# A lion reunites with it's previous owners!



## Knight~Ryder (Dec 2, 2007)

*** As seen on THE VIEW, ITV NEWS, SKY NEWS, FOX TV, TODAY SHOW, BRAZILS TV RECORD CHANNEL, INDIA HINDI NEWS CHANNEL, AUSTRALIAN CHANNEL NINE NEWS, CHINAS BEIJING CCTV NEWS, BBC NEWS, ABC NEWS and CBC NEWS. ***

http://www.youtube.com/watch?v=HjWtRYaxmWM


----------



## TheOldSalt (Jan 28, 2005)

This IS going to backfire on them one day, of course, and we'll be reading a different kind of story.


----------



## Guest (Sep 6, 2008)

it is pretty obvious that those "wild lions" are in very close proximity to humans where ever it is that they live currently. anyone else notice the man with no shirt? and how he acted with the female lion the first time you see her off to the side, my instant thought was that he is a lion trainer. *shrugs*


----------



## Ice (Sep 25, 2006)

I saw that clip back in late July/early August. No they're not trainers. They raised the lion when she was a cub - an abandoned one at that. When she became to large to care for, they released her in the wild.

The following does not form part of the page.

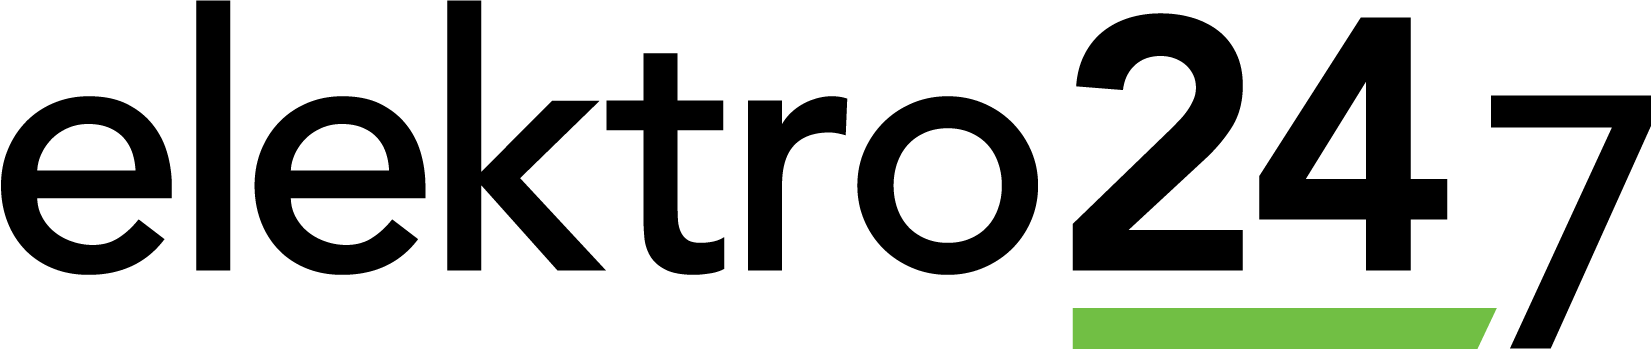 VVSForum logo

I know they looking to make a movie about that. Kinda like Born Free all over again.


----------



## Buggy (Oct 17, 2006)

Did anyone click on any of the other YouTube clips of the interviews with the men that raised him? There are some updated interviews that tells more about the lion and his rehabilitation into the wild and why he and the female were so friendly to them. One interview says they haven't seen the lion since 1974 and that he is now completely wild again. Check out some of the other clips, they are very touching.


----------